Повесть (Окончание)[1]

Ход двух коней

Фронтовые газеты склоняют имя Сашки Нечипуренко. Это разведчик полка морской пехоты. Он начал с того, что ему, Алексею Подковке и Михаилу Колодину было дано задание подавить минометную фашистскую батарею, которая вела беспокоящий огонь, не давала, как говорится, житья.

Они отлично выполнили задание: подкрались к батарее и гранатами ликвидировали расчеты и минометы.

Журналисты уже успели ввести Нечипуренко в легенду: его называют современным Петром Кошкой — знаменитым лазутчиком первой обороны Севастополя, который наводил страх на неприятеля неожиданными и дерзкими налетами.

Кошка был силач, говорят, что он легко один поднимал пушечные стволы, подбрасывал кверху пушечные ядра и ловил их либо на вытянутые руки, либо на шею.

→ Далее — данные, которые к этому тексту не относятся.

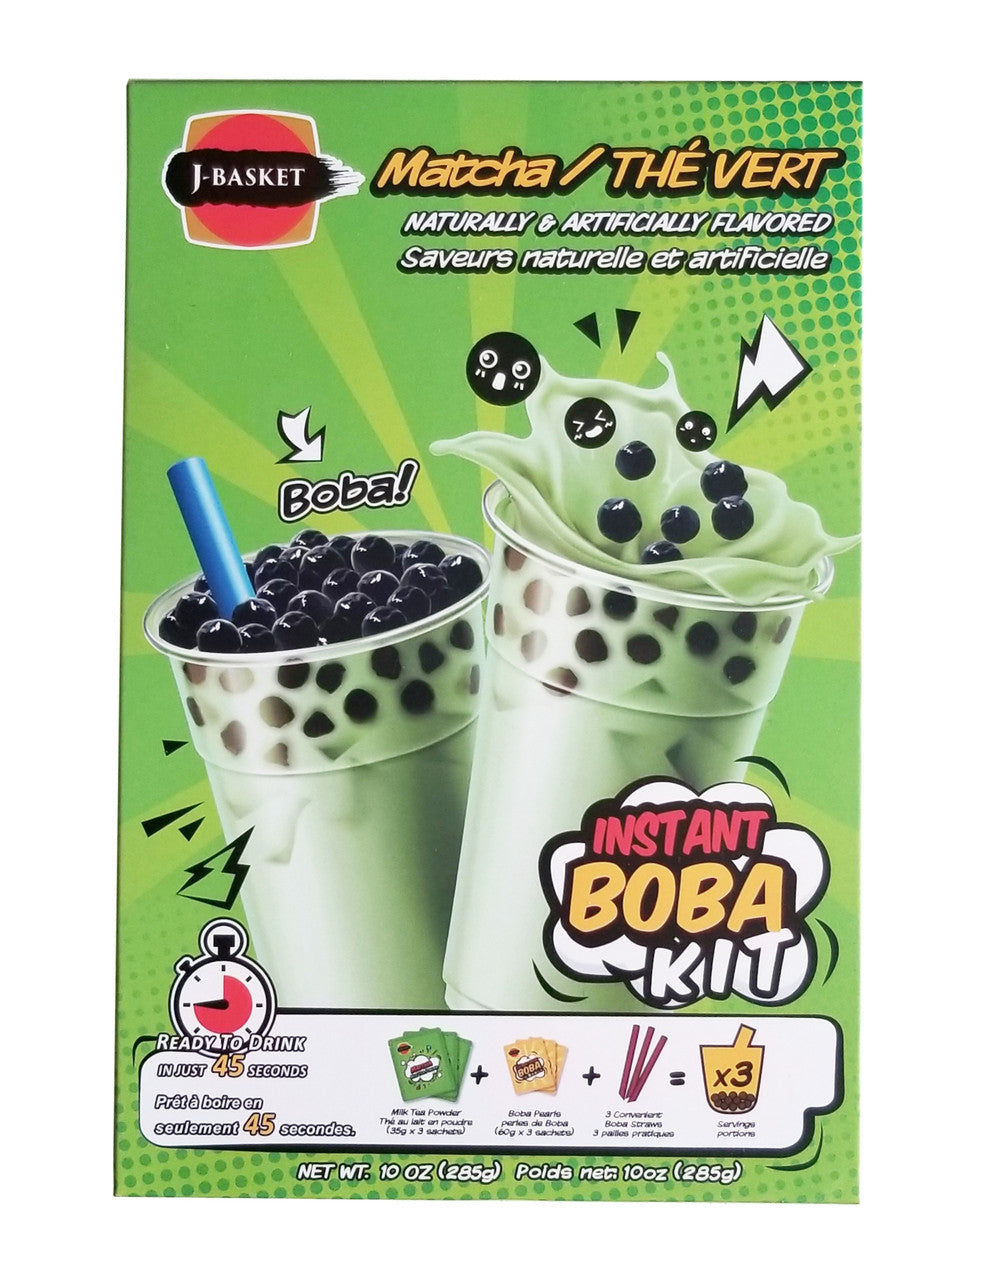 J-Basket Instant Boba Kit, Matcha Flavor, 285g/10 oz. Box {Imported from Canada}

Нечипуренко не богатырь, но и не слабак: под гимнастеркой заметны хорошо натренированные мышцы. Парень веселый, как говорят, «заводной».

После удачной операции против минометной батареи Нечипуренко, Колодин и Подковка стали корректировщиками, а потом и разведчиками. Дали им позывной — «кобчик». Не всегда они ходили в разведку втроем. Случалось, Нечипуренко ходил один.

Однажды подкрался Нечипуренко к позициям противника и видит: на поле, недалеко от посадок, совершенно беззаботно на новой позиции расквартировывается фашистская батарея.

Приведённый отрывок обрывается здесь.